A Câmara dos Deputados aprovou nessa quarta-feira (8) por 324 votos a favor,
137 votos contrários e duas abstenções, o texto principal do projeto de lei
que regulamenta os contratos de terceirização. Propostas de destaques
(alterações do texto) ainda serão discutidas pelo plenário na próxima
semana. Depois de concluída a votação, o texto seguirá para análise no
Senado. Criticada pelo PT e algumas centrais sindicais e defendida por
empresários, a proposta permite que empresas contratem trabalhadores
terceirizados para exercer qualquer função. Atualmente esse tipo de
contratação é permitida apenas para a chamada atividade-meio, e não
atividade-fim da empresa. Ou seja, uma universidade particular, por exemplo,
pode terceirizar serviços de limpeza e segurança, mas não contratar
professores terceirizados. Pelo texto votado na Câmara, essa limitação não
existirá mais, regularizando muitos acordos informais já e andamento, assim
como abrindo alternativas para a relação capital e trabalho. Em paralelo a
tudo isso o vice-presidente da República, Michel Temer, virou oficialmente
o articulador político do governo, na minha opinião Dilma tomou uma decisão
certa mas atrasada, pois já deveria ter feito isso quando Antonio Palocci
deixou o governo em 2011. Não poderia deixar de citar o mis novo ato falho
da Presidente Dilma. Pouco antes de oficiar Temer, ao indicar para a
mesma posição Eliseu Padilha (Aviação Civil) sem falar com o mesmo e com seu
partido, a presidente provocou um grande mal estar e se auto ridicularizou
quando Padilha recusou seu convite. Hoje o ex- Presidente Lula é o
estrategista terceirizado no governo, sendo consultado por Dilma
quinzenalmente sobre a direção a ser seguida. Desde de novembro, ao nomear
Joaquim Levy Ministro da Fazenda, dando ao mesmo plenos poderes sobre os
rumos da economia, Dilma terceirizou uma de suas responsabilidades.
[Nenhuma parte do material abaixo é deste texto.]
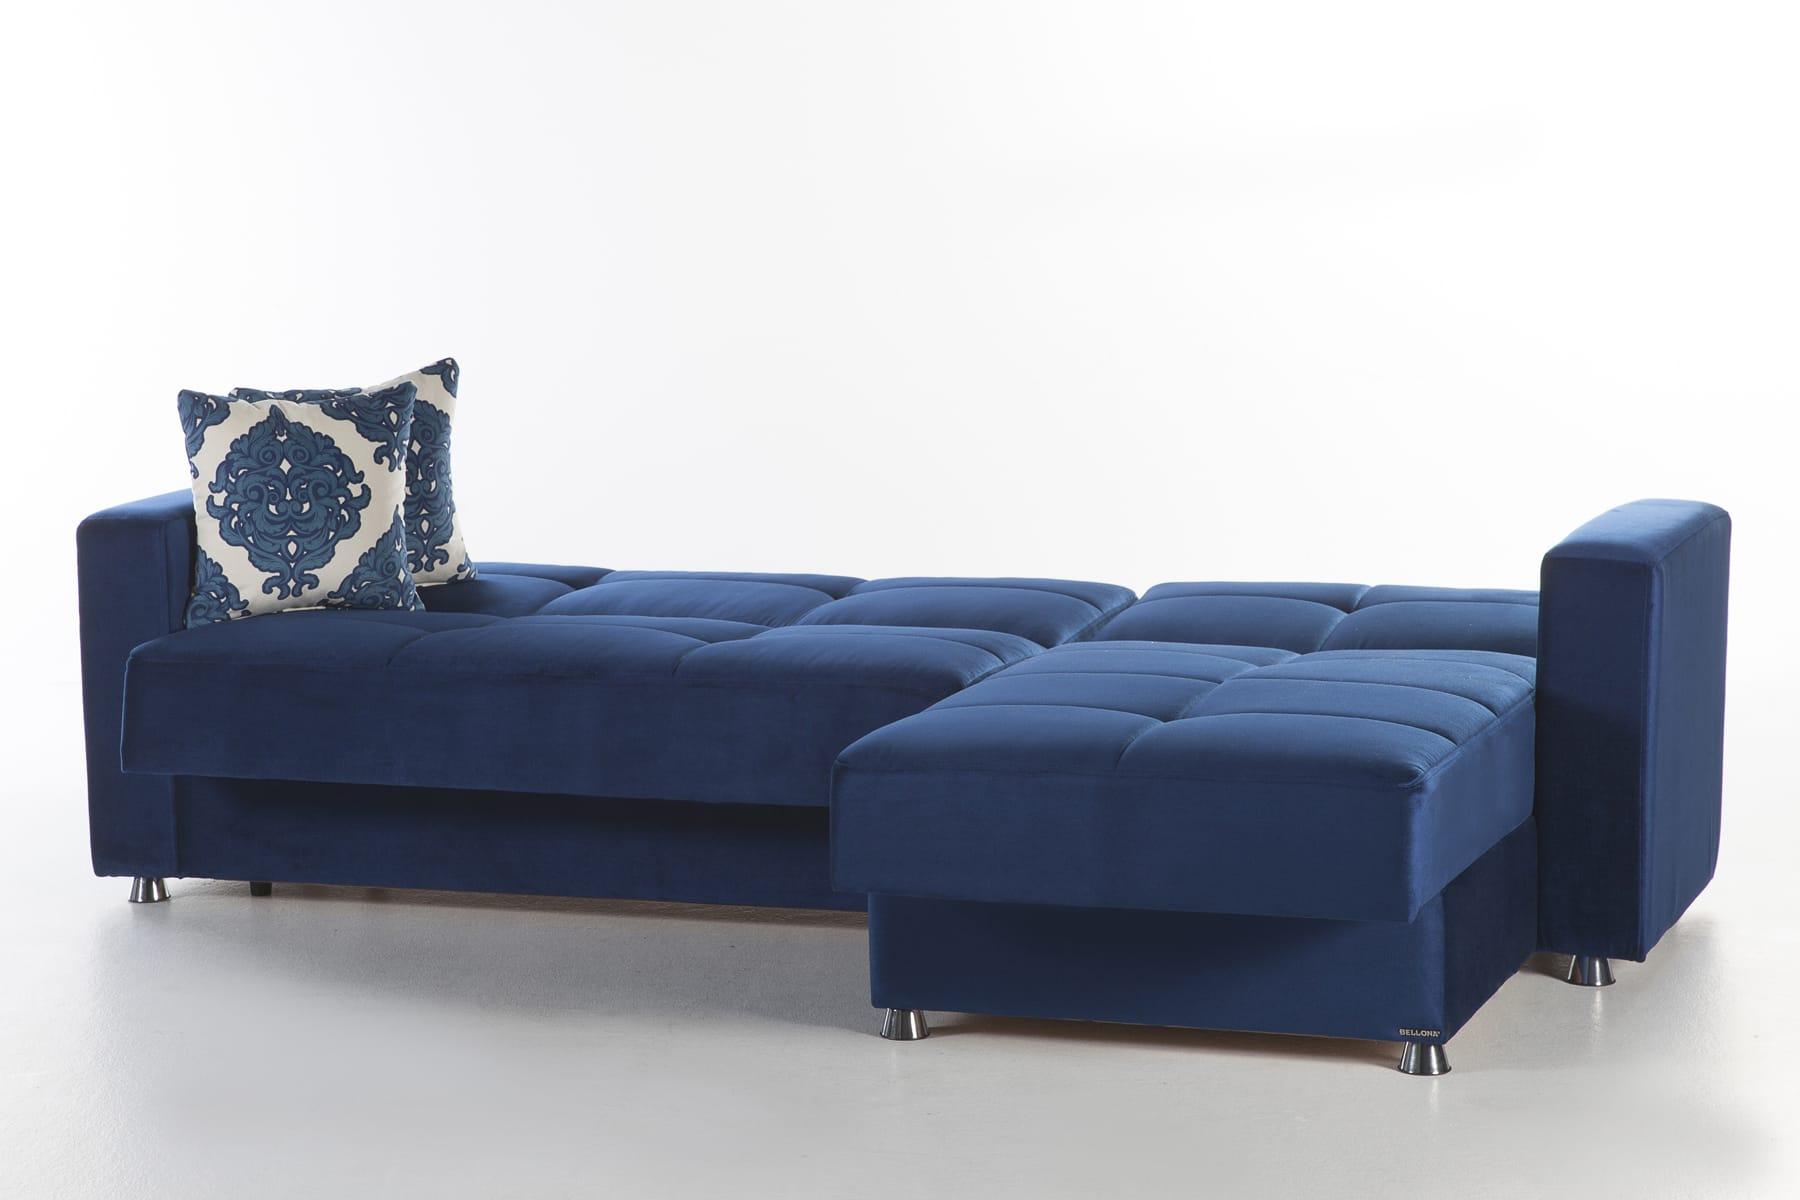 Elegant Roma Navy Sectional Sofa by Sunset

O
Presidente da Câmara Eduardo Cunha e do Senado Renan Calheiros, desde suas
nomeações em janeiro mandam no Brasil, provocando derrotas consecutivas ao
governo, por tanto são os executivos terceirizados de Dilma. Nessa semana,
Dilma terceirizou o que restava, a articulação política, e o fez a quem
nunca poderá demitir, seu vice-presidente Michel Temer. O governo da
Presidente Dilma deveria ser o primeiro a aproveitar o projeto de lei que
regulamenta os contratos de terceirização. Resumindo, Dilma Rousseff
institucionalmente é nossa presidente mas terceirizou todas suas atribuições
de executiva chefe.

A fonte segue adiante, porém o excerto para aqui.